* _About this task_:
Could you output the listing that follows exactly, without its images?

----- Provided material

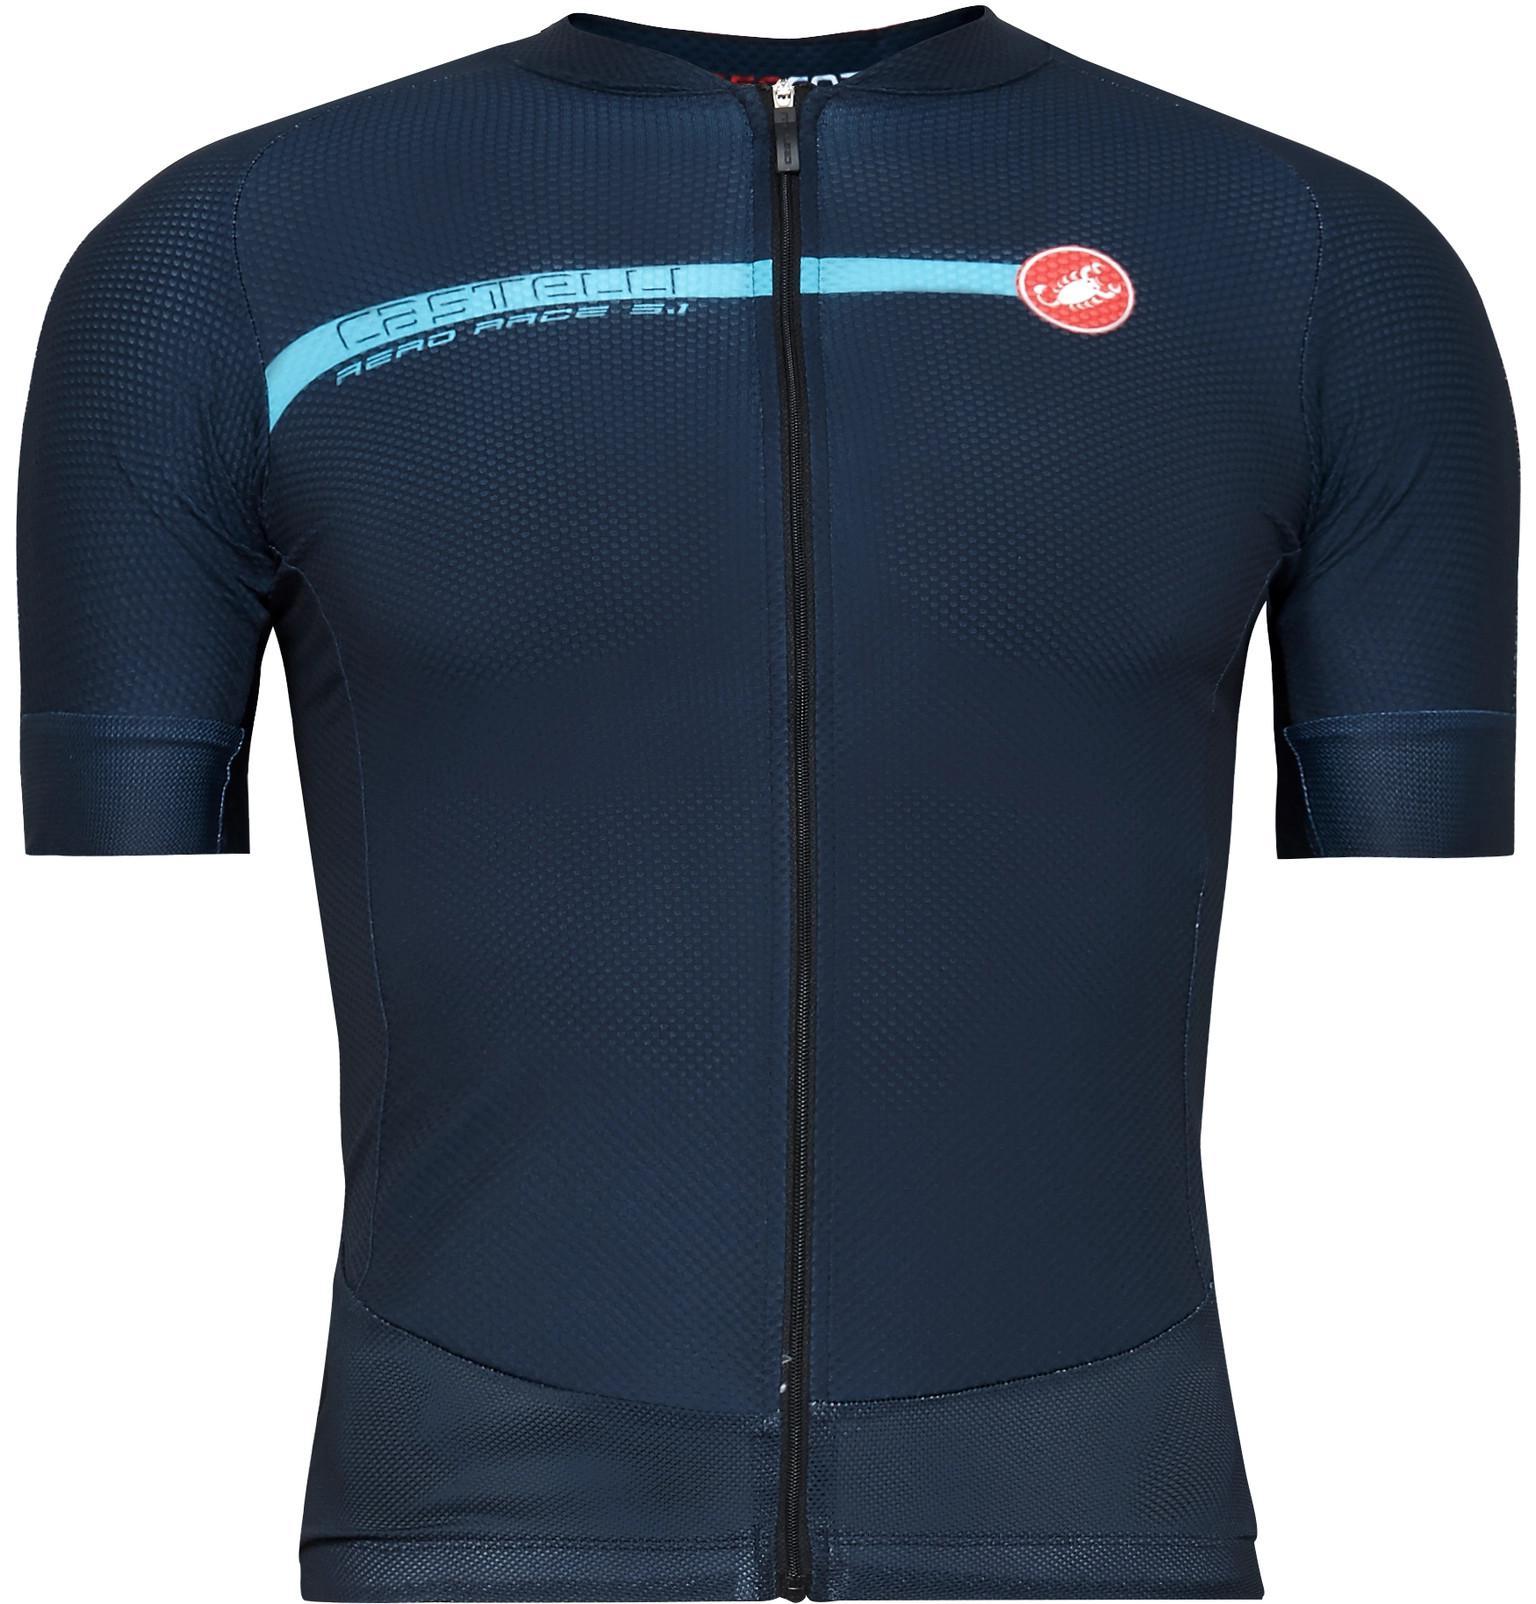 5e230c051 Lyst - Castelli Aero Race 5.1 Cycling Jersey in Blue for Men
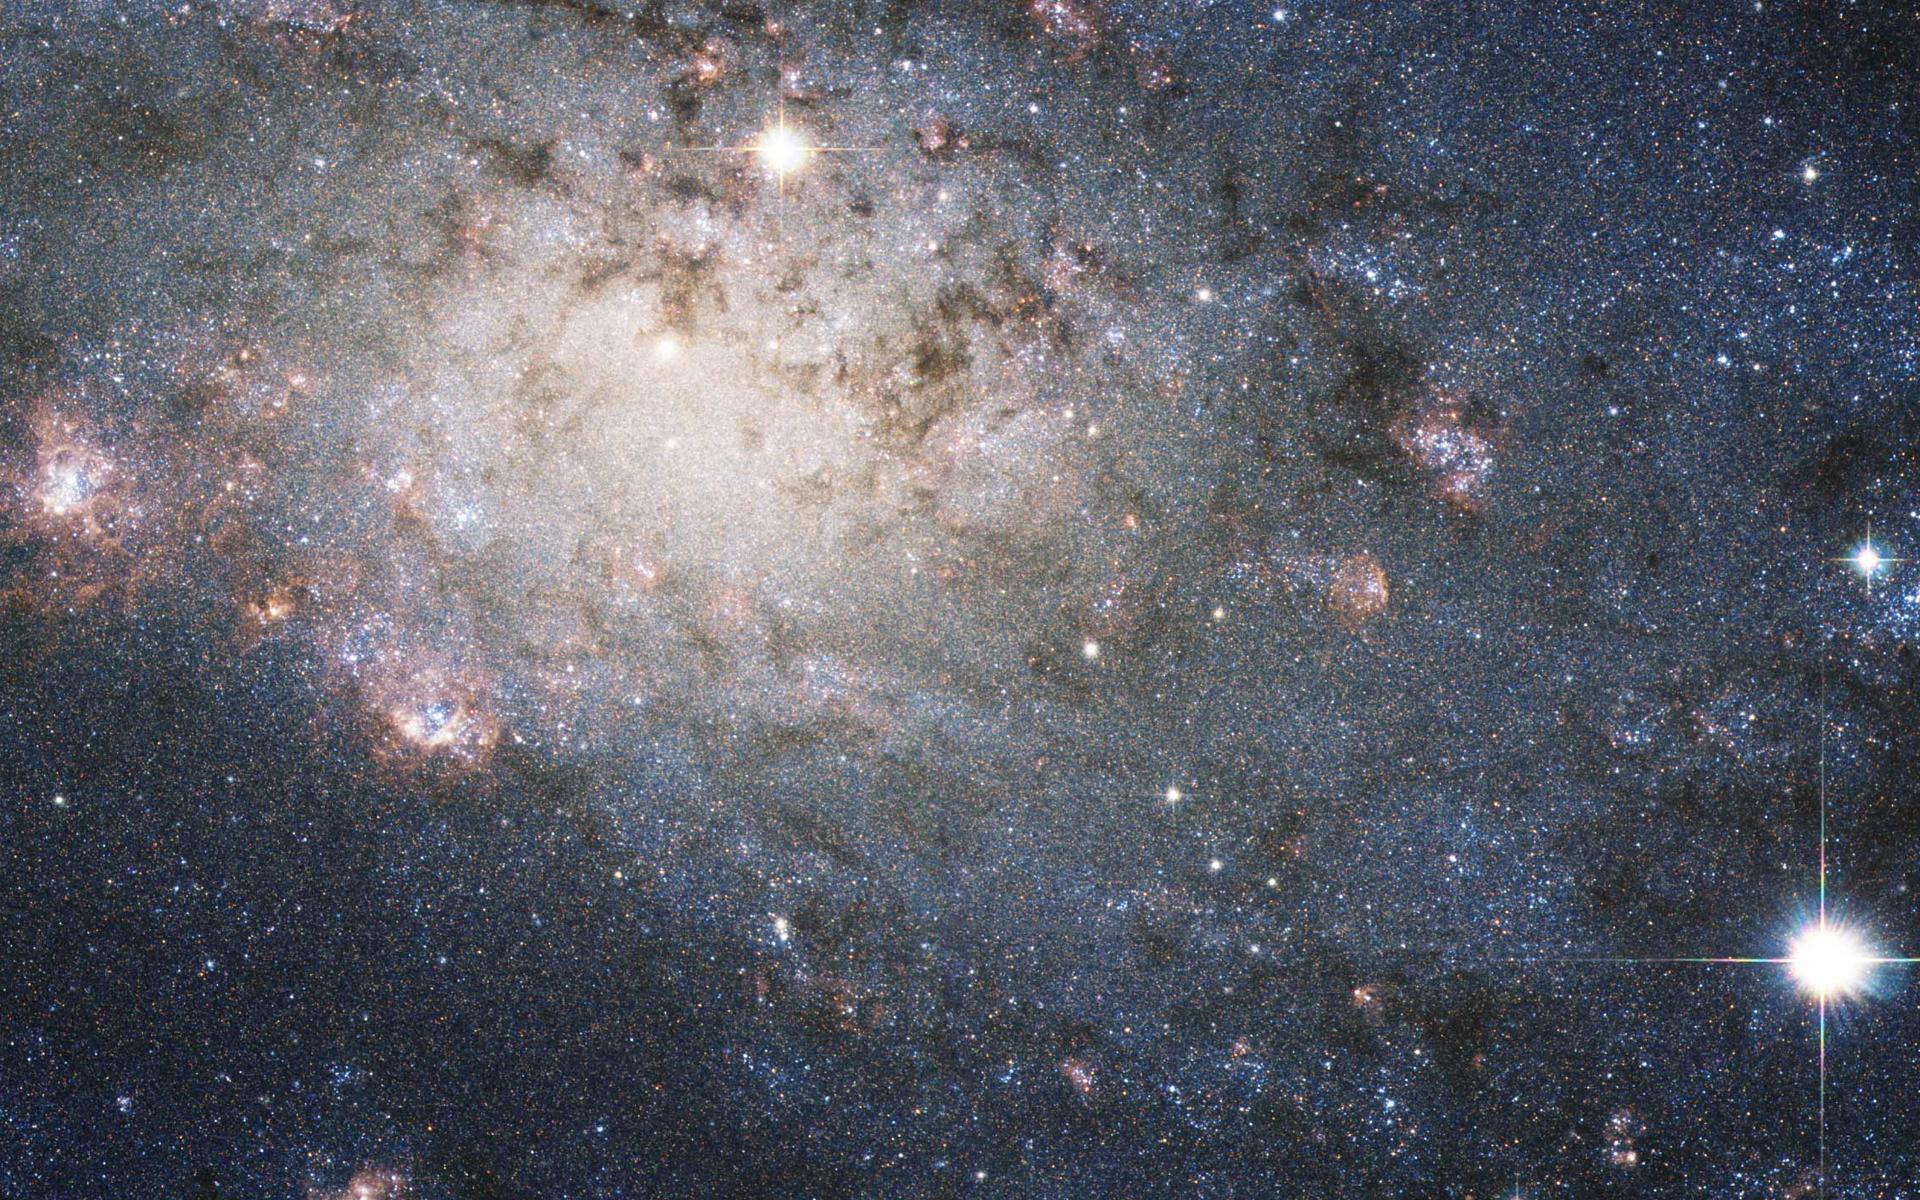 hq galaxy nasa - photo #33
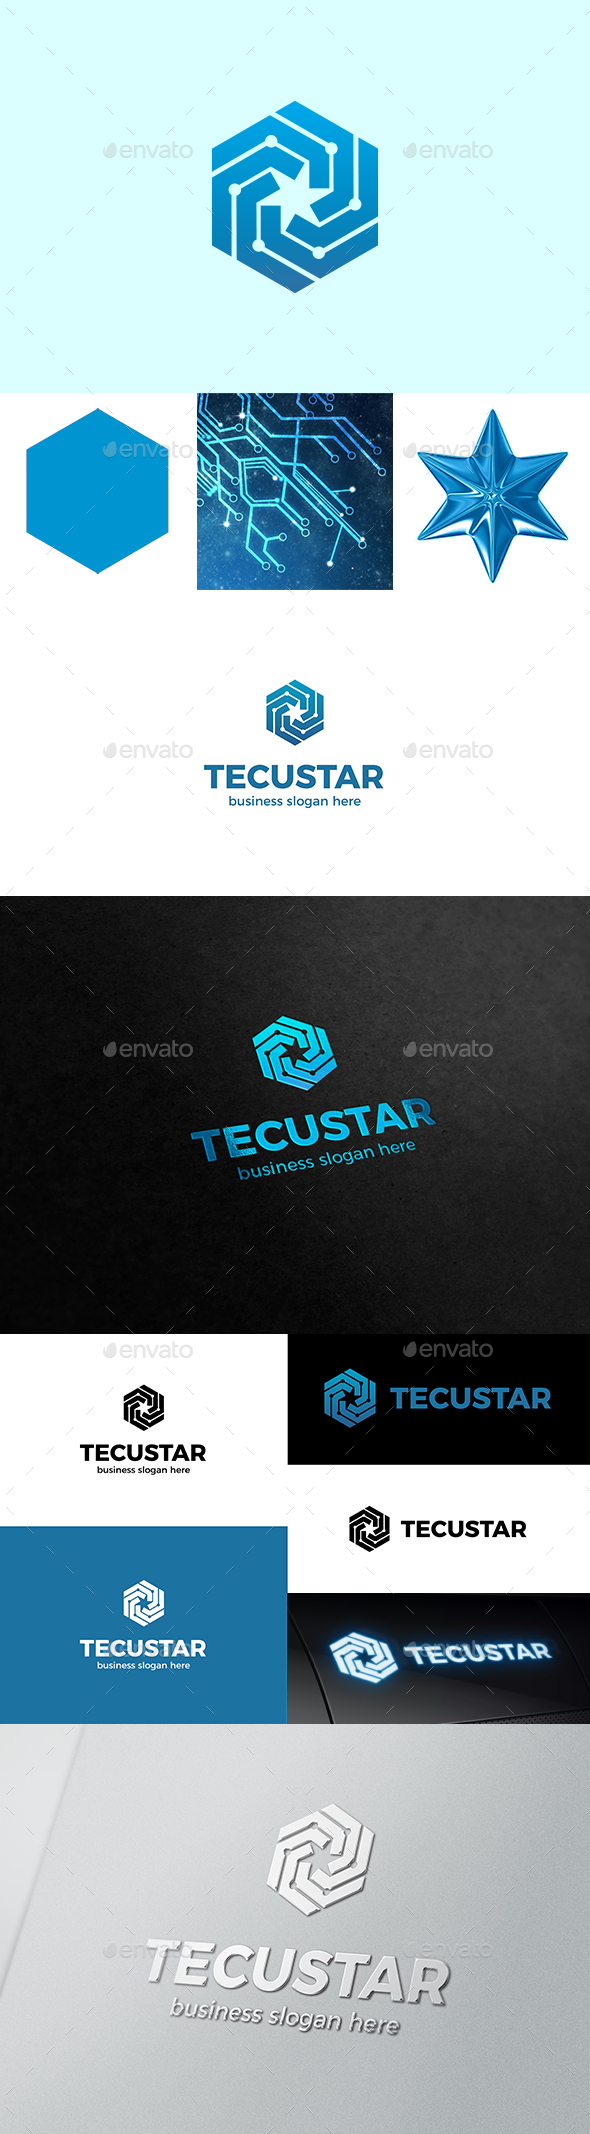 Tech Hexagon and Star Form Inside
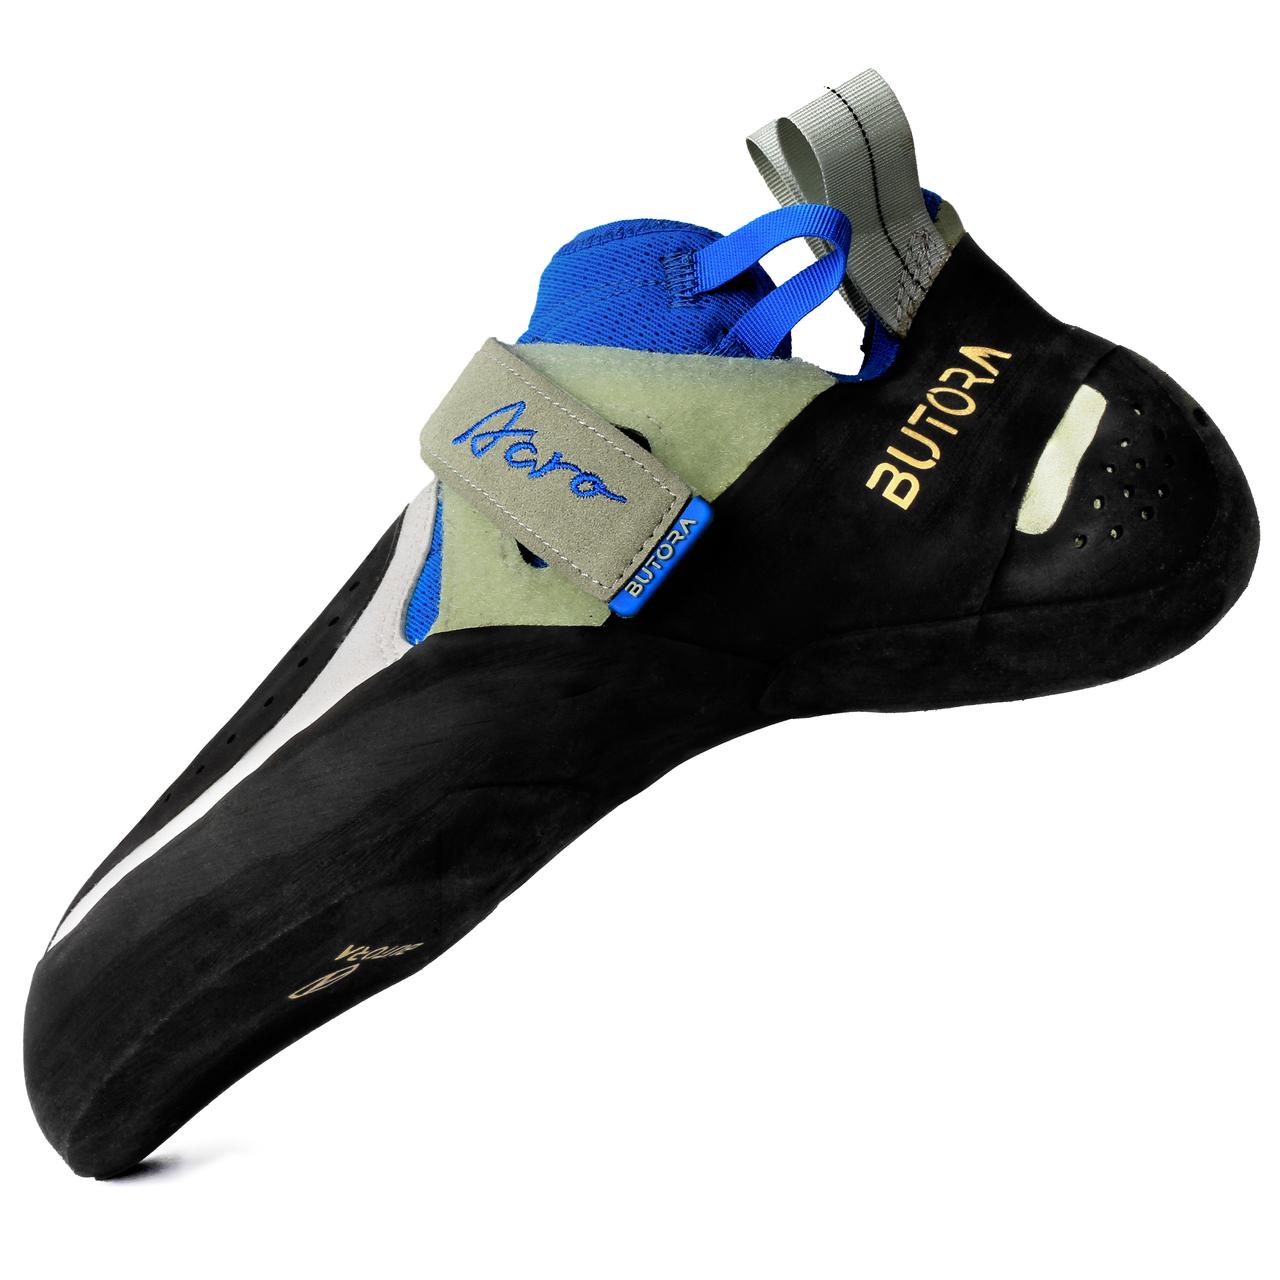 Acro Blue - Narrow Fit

----------

* _Response to the task_:
 5e230c051 Lyst - Castelli Aero Race 5.1 Cycling Jersey in Blue for Men
 hq galaxy nasa - photo #33
 Tech Hexagon and Star Form Inside
 Acro Blue - Narrow Fit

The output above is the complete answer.